Your assignment: Your response should consist of the entire listing, transcribed exactly, with every image left out.

Dataset section:

%%

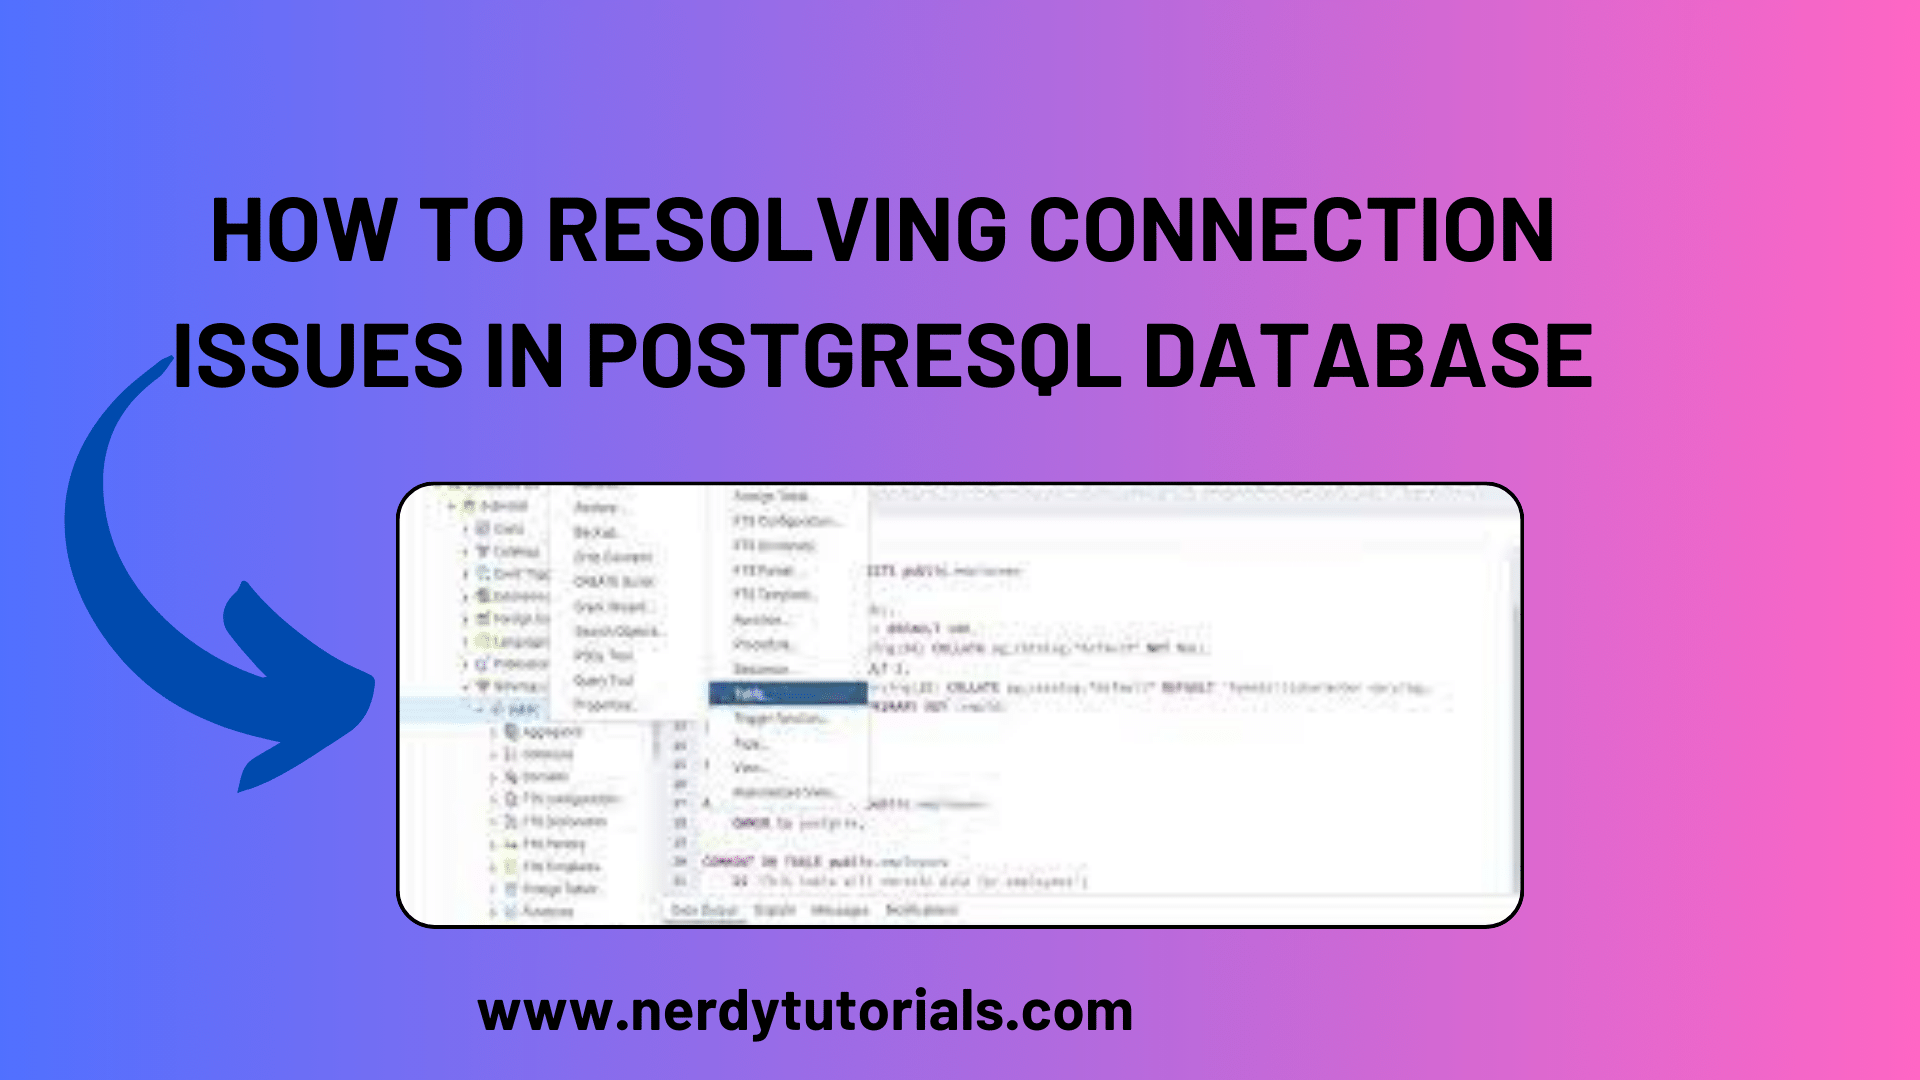 How To Resolving Connection Issues in PostgreSQL Database
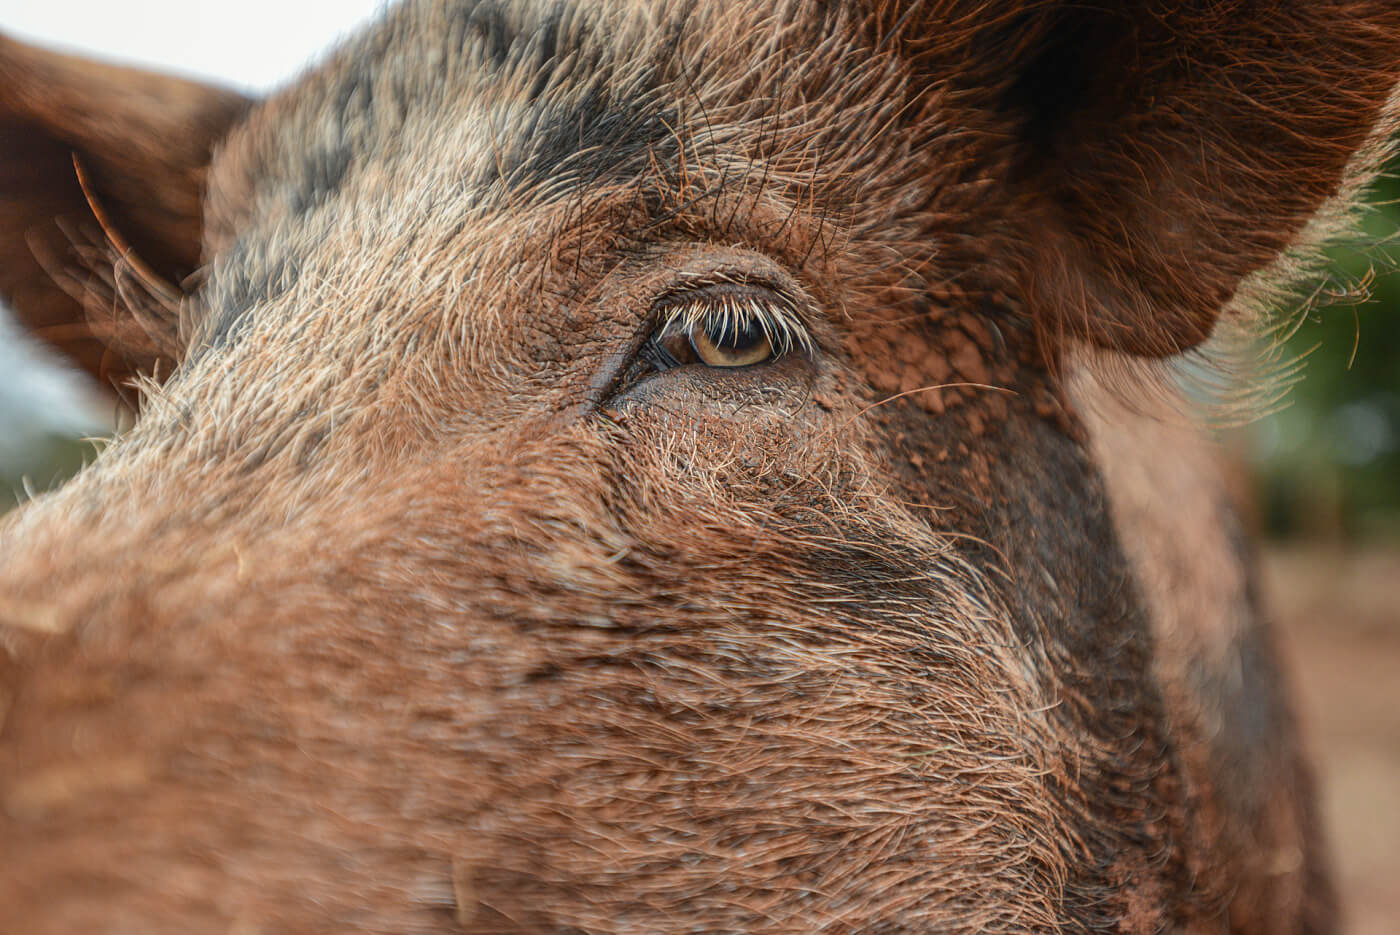 They Deserve Better: Speak Up for Pigs in Victoria
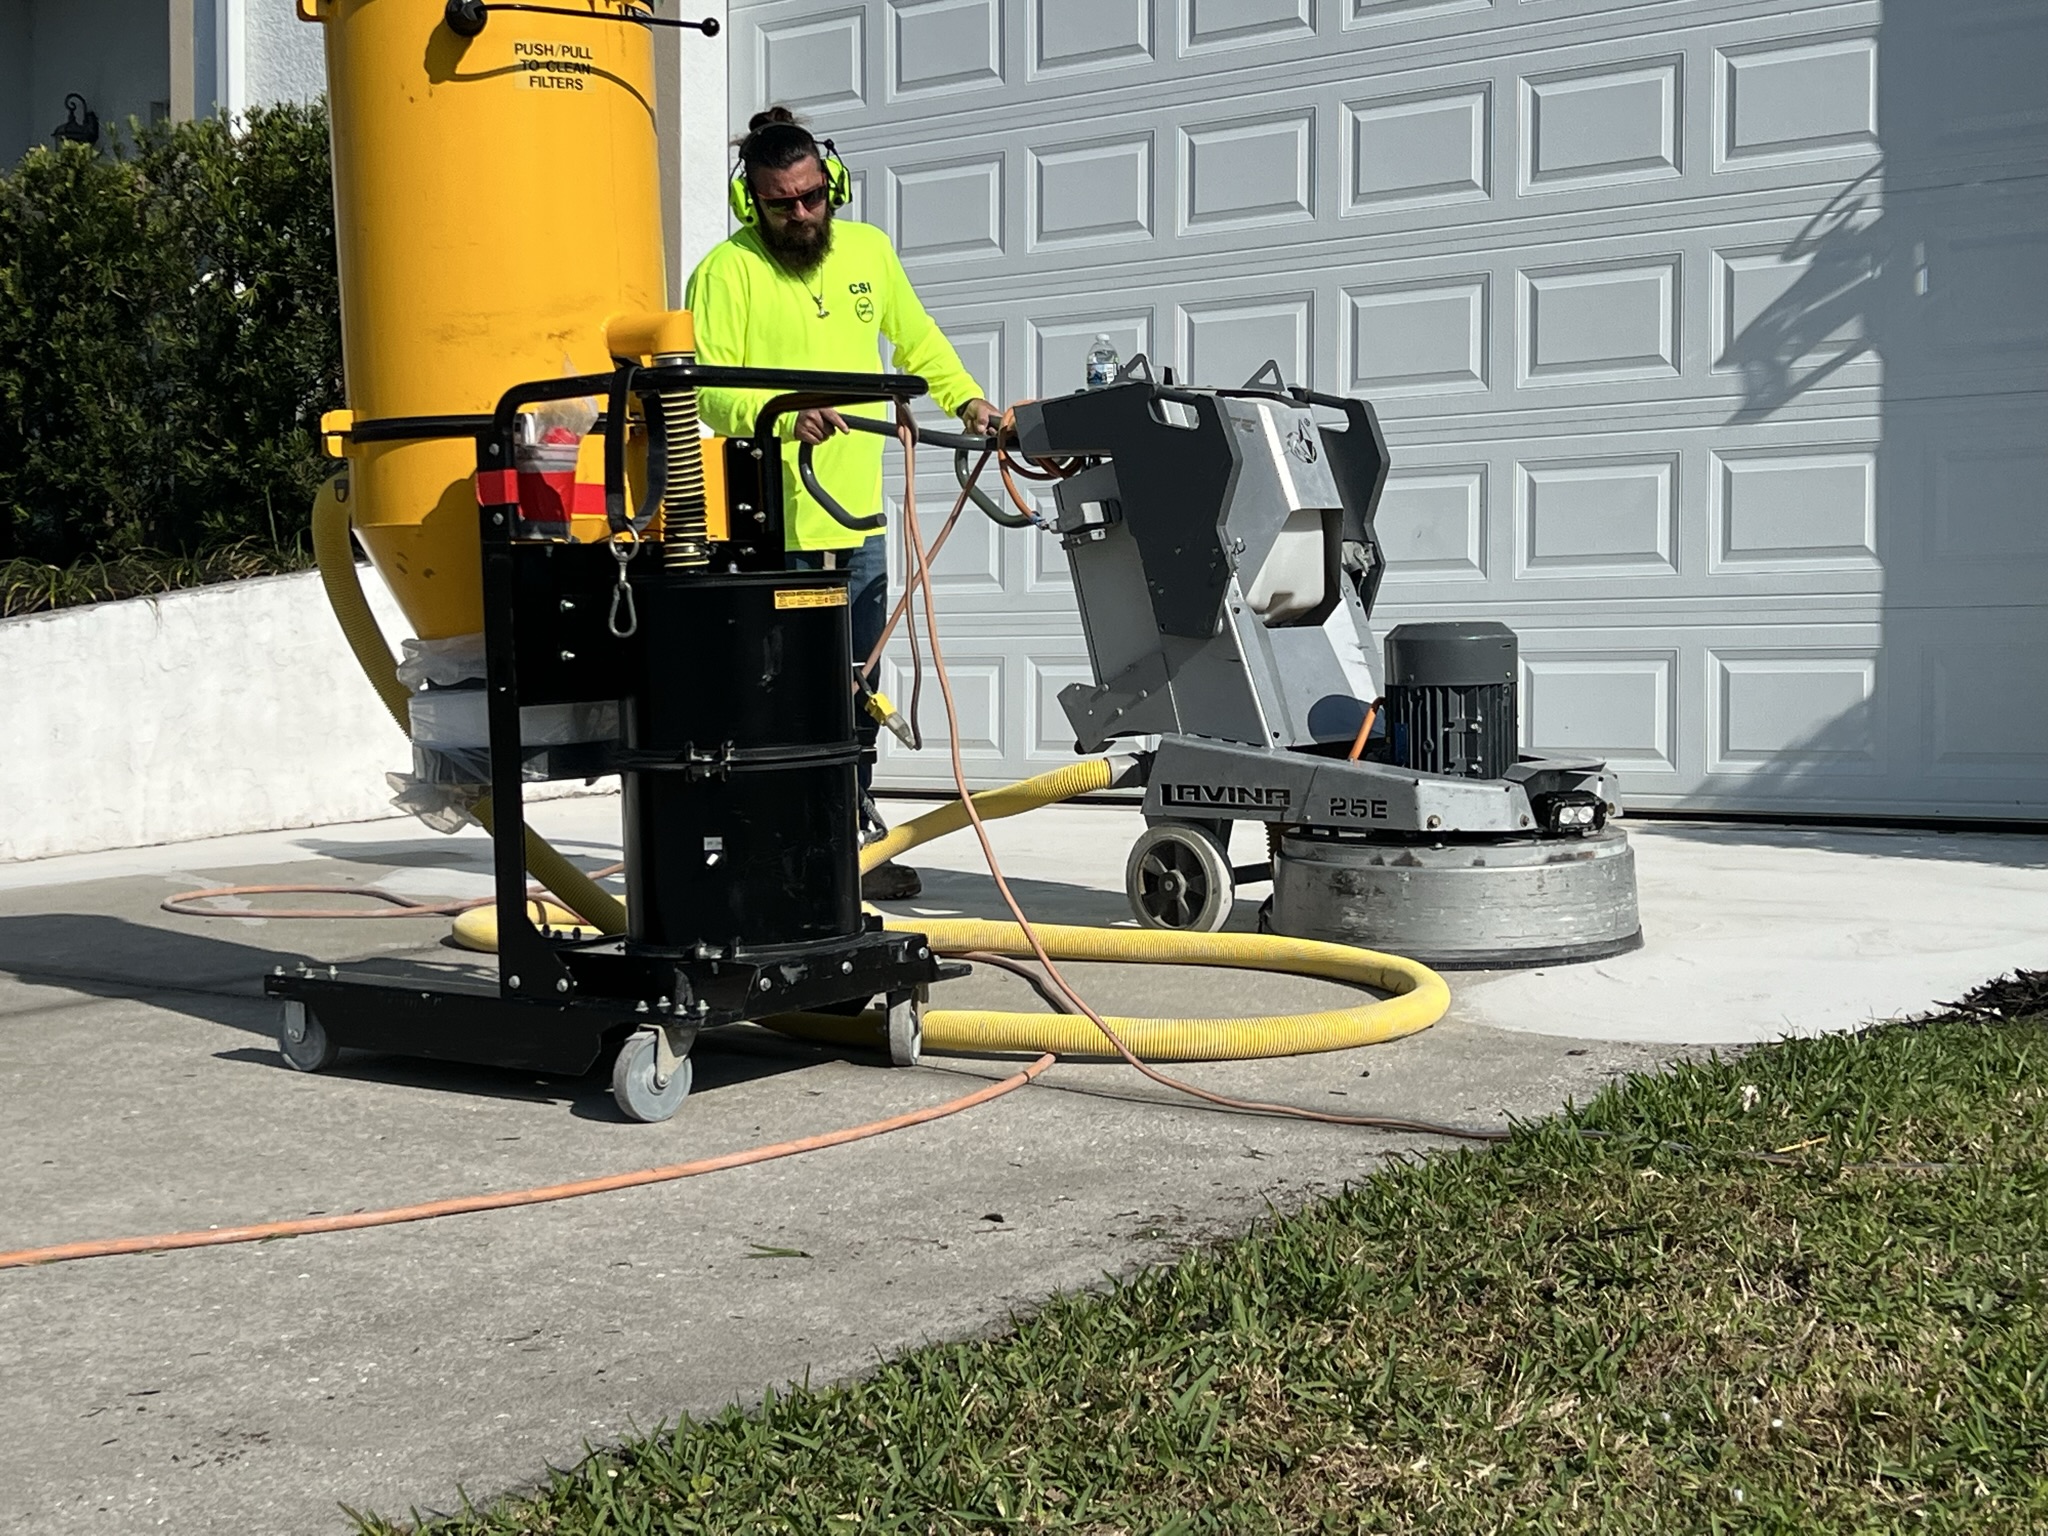 Contractor wearing protective gear expertly uses a grinder to smooth out the concrete driveway surface for a flawless finish

%%

Answer to this task:
 How To Resolving Connection Issues in PostgreSQL Database
 They Deserve Better: Speak Up for Pigs in Victoria
 Contractor wearing protective gear expertly uses a grinder to smooth out the concrete driveway surface for a flawless finish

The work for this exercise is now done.